Description
When I run modkit summary on my samples I am getting a strange batch effect.
I have two batches of samples:
1st batch re-basecalled with dorado standalone software v0.6.1
model [email protected]
and parameter --modified-bases 5mC_5hmC
2nd batch basecalled from dorado server v7.3.9
basecall config dna_r10.4.1_e8.2_400bps_5khz_modbases_5hmc_5mc_cg_hac_prom.cfg
so the model should be essentially the same between the two batches.
I converted uBAMs to fastq with samtools fastq -T "*"

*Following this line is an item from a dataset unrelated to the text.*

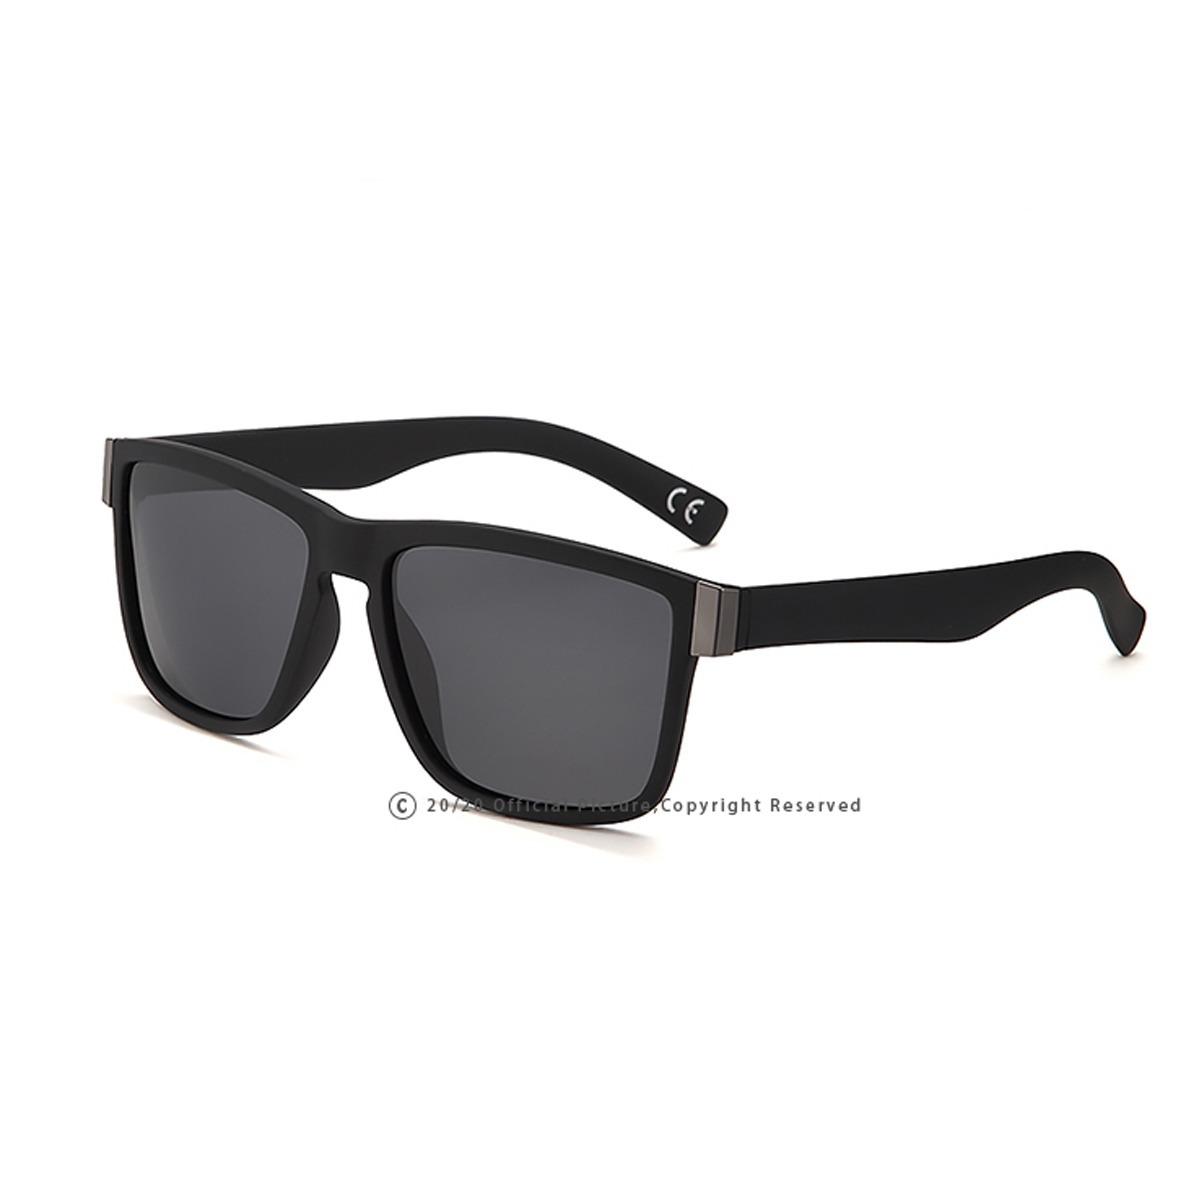 dc04dee89afad oculos sol masculino original 2020. Carregando zoom.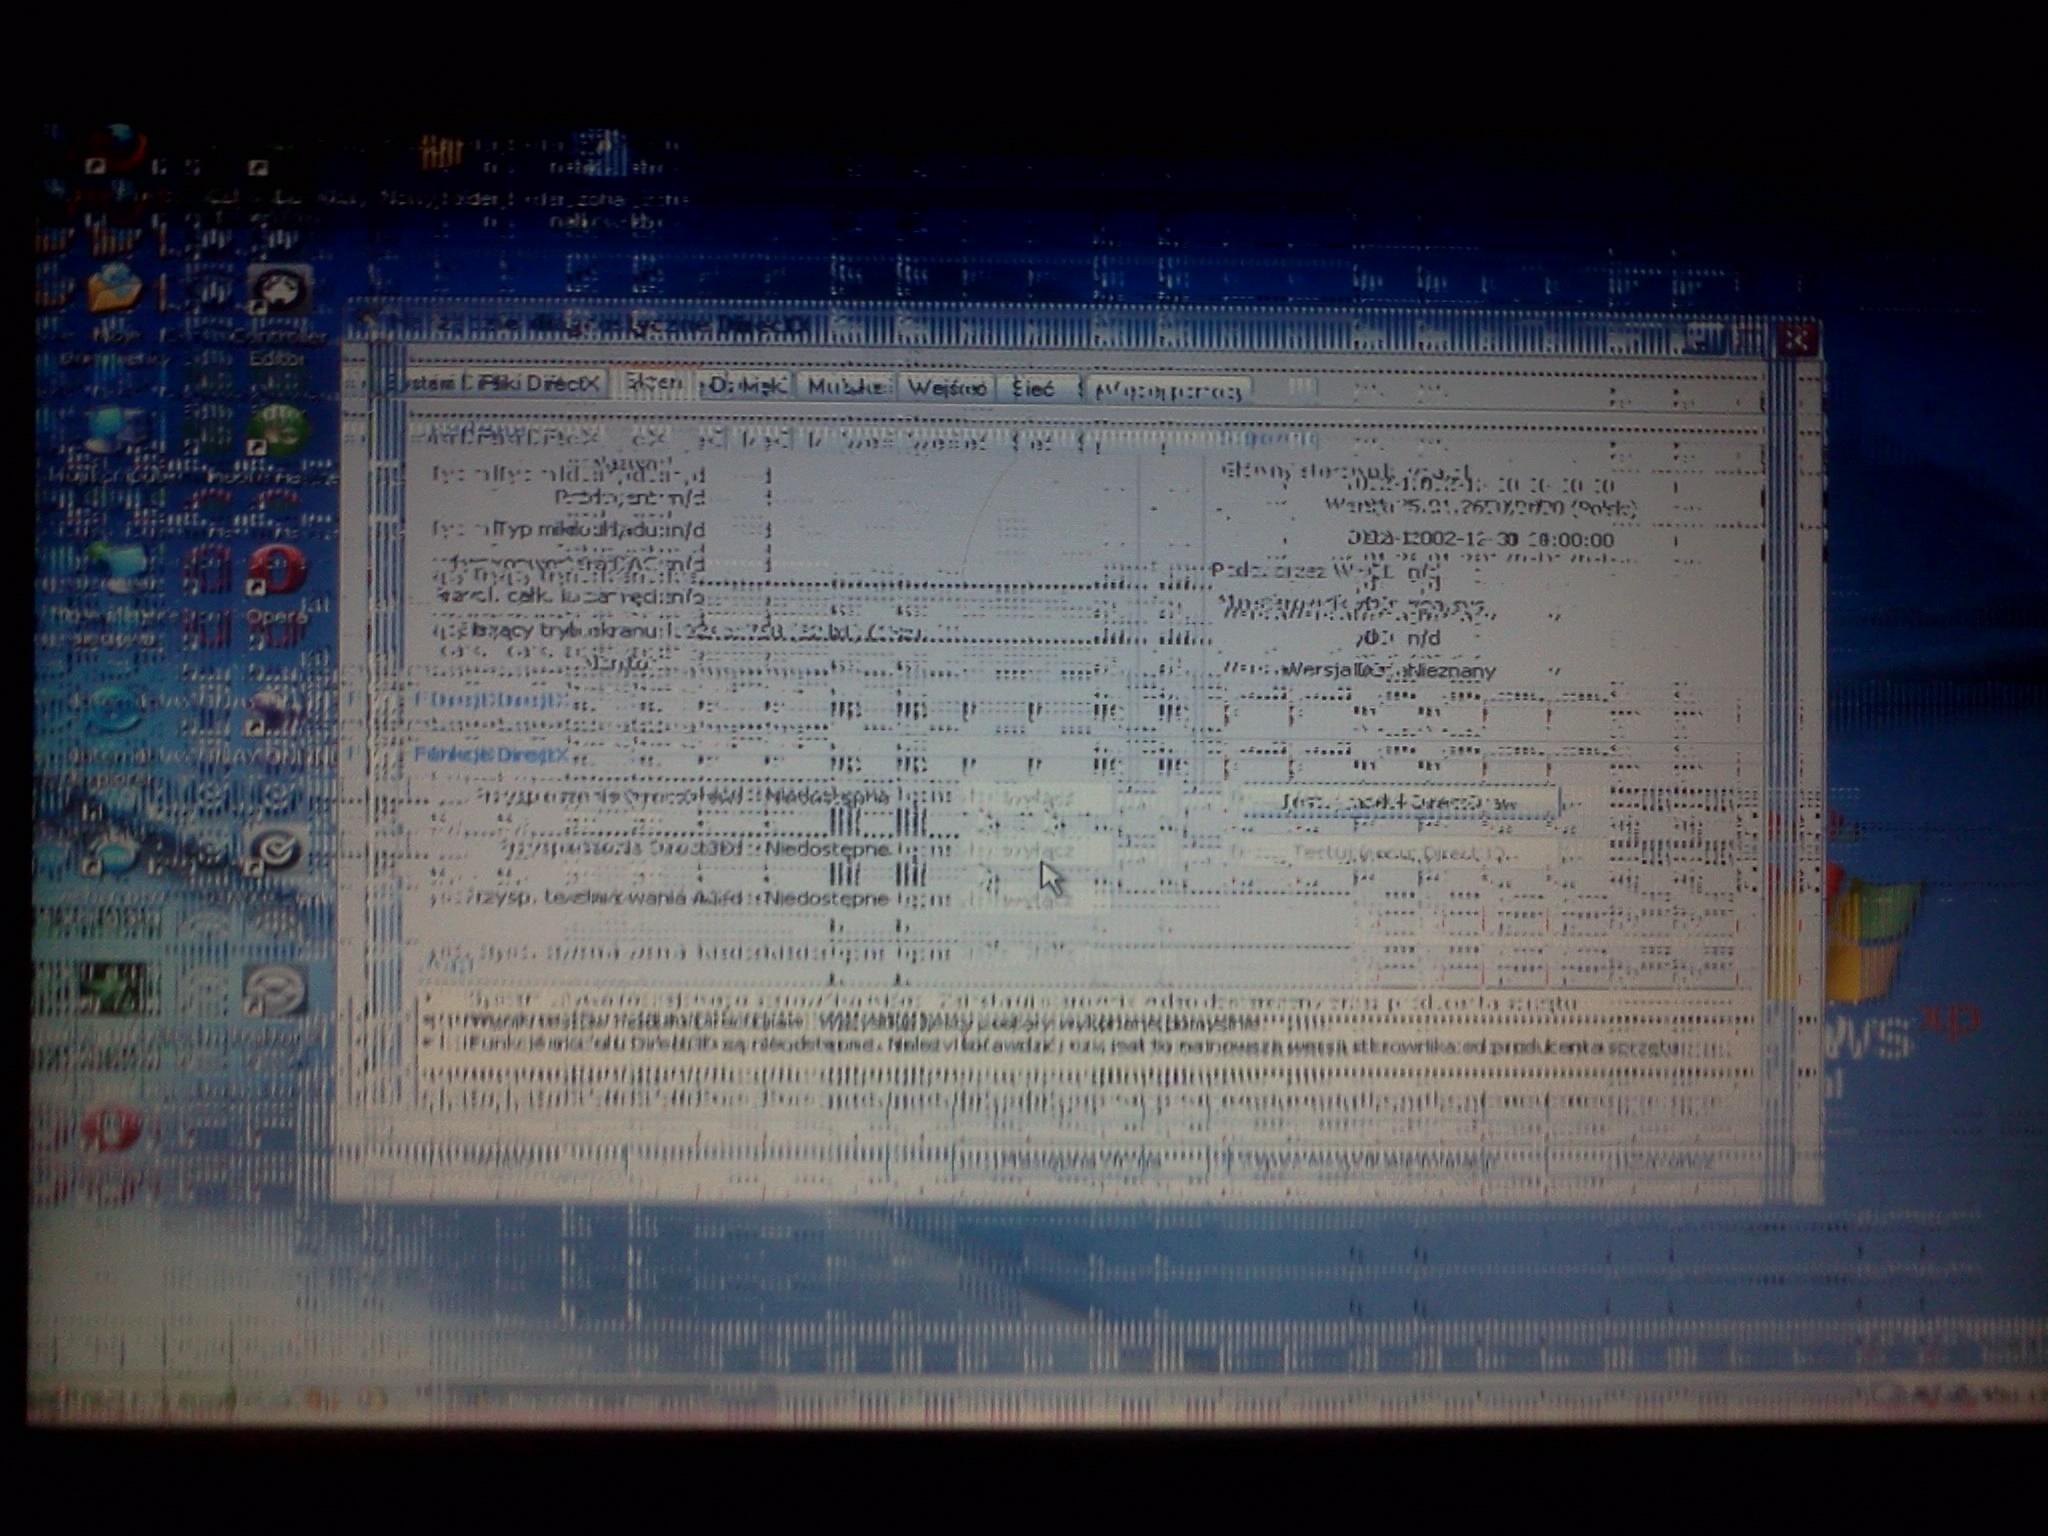 [Sprzedam] P�yta Dell Lattitude d620 - uszk. grafika + Intel C2D 2x1.6 - 30z�

I aligned to GRCh38 with minimap2 -t 32 -ax map-ont -y -Y --MD
When I run modkit summary on samples from the 1st batch I get an example output:
# bases C
# total_reads_used 10042
# count_reads_C 10042
# pass_threshold_C 0.7636719
base code pass_count pass_frac all_count all_frac
C - 354650 0.3519645 372751 0.33318585
C h 26080 0.025882516 55114 0.049264
C m 626900 0.622153 690883 0.61755013
When I run modkit summary on samples from the 2nd batch I get an example output:
# bases C
# total_reads_used 10042
# count_reads_C 10042
# pass_threshold_C 0.73828125
base code pass_count pass_frac all_count all_frac
C - 11116207 0.95703727 12023879 0.9322321
C h 56736 0.0048846216 203618 0.015786855
C m 442286 0.038078114 670449 0.05198107
I can see that all the 2nd batch of samples have virtually no 5mC being detected at all whereas it is the majority in the 1st batch. I would not expect global methylation patterns to differ on these scale (these are cancer samples from the same cohort and cancer type). When I investigate the fastq (grep ^@
) and bam files (samtools view BAM_FILE | less
) for the 2nd batch of samples, there are MM and ML tags present.
How can I investigate this further or work out where the issue lies?